INDIANAPOLIS (Nov. 27, 2017) – During the holiday shopping season, shoppers are looking for the perfect gift, while criminals are looking to steal sensitive information. The Indiana Department of Revenue (DOR) and the Internal Revenue Service (IRS)  are reminding Hoosier shoppers to be vigilant with their personal information, such as credit cards, financial accounts, Social Security number and other sensitive data that could help file a fraudulent tax return.

“Anyone who has an online presence should take the necessary steps to protect his or her identity and personal information,” said DOR Commissioner Adam Krupp.
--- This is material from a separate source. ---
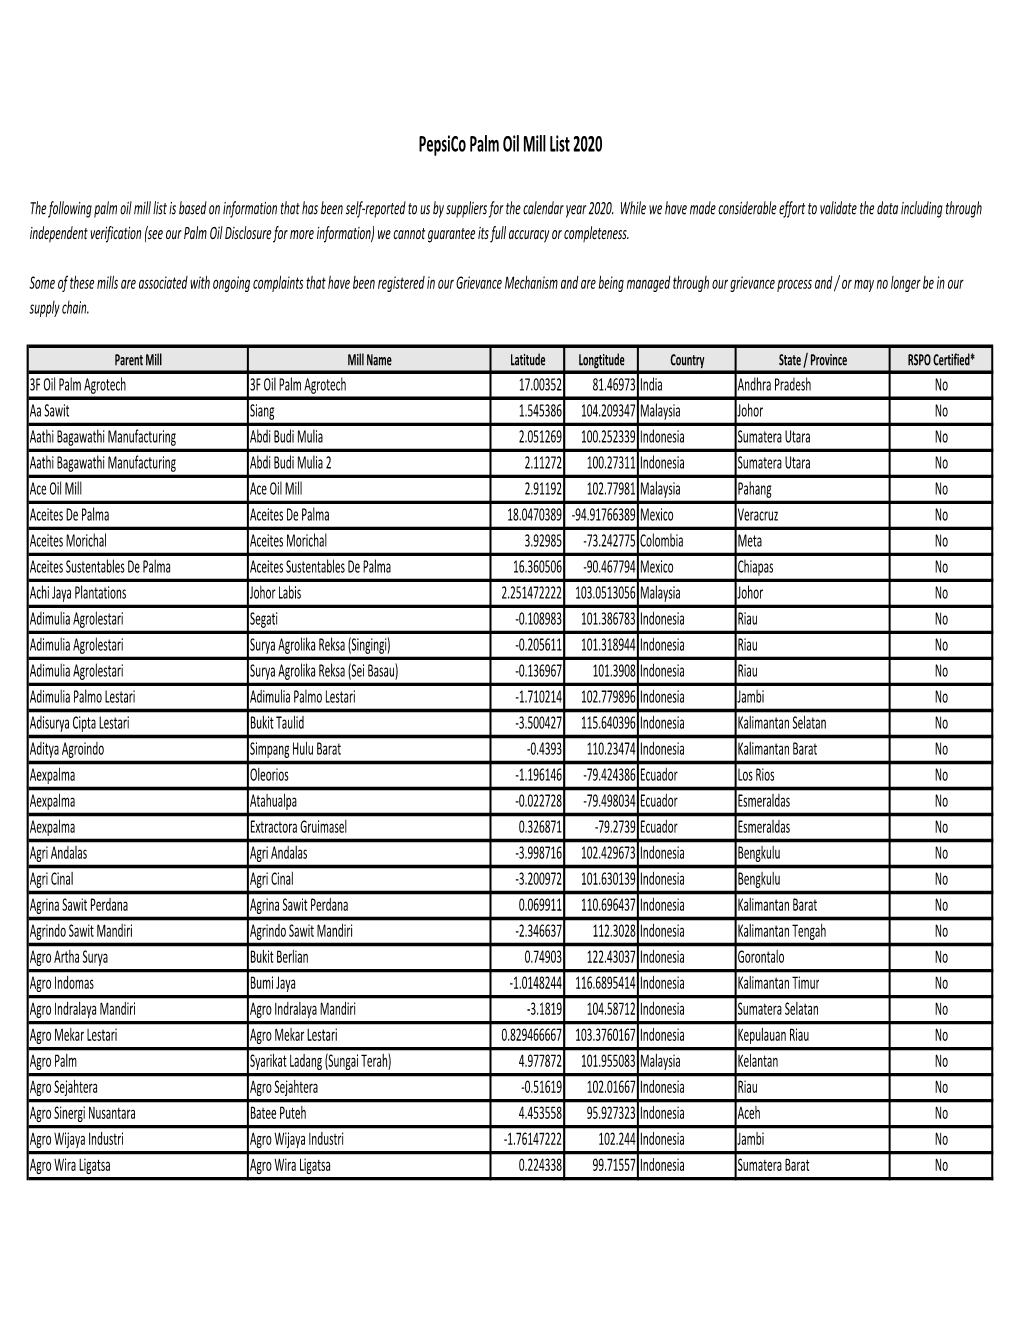 Pepsico Mill List 2020 FINAL.Xlsx

“Cybercriminals seek to turn stolen data into quick cash, either by draining financial accounts, charging credit cards, creating new credit accounts or even using an identity to file a fraudulent tax return for a refund. By educating taxpayers, we can help Hoosiers keep their information safe.”

The following are seven simple ways Hoosiers can ensure their personal and financial information doesn’t fall into hands of cybercriminals:

• Shop at familiar online retailers. Look for sites using “https” at the start of the URL as well as the “lock” icon in your browser’s URL bar. But remember, even malicious sites may obtain a security certificate so the “s” may not vouch for the site’s legitimacy.

• Avoid unprotected public Wi-Fi for financial transactions. Unprotected, public Wi-Fi hotspots may allow thieves to view your transaction.

• Learn to recognize and avoid phishing emails. Many pose as a trusted source, such as financial institution or the IRS, suggesting your password is expiring or there is an urgent matter to address with your account. Their goal is to entice you to open a link or attachment to either steal your username and password or download malware to track your keystrokes.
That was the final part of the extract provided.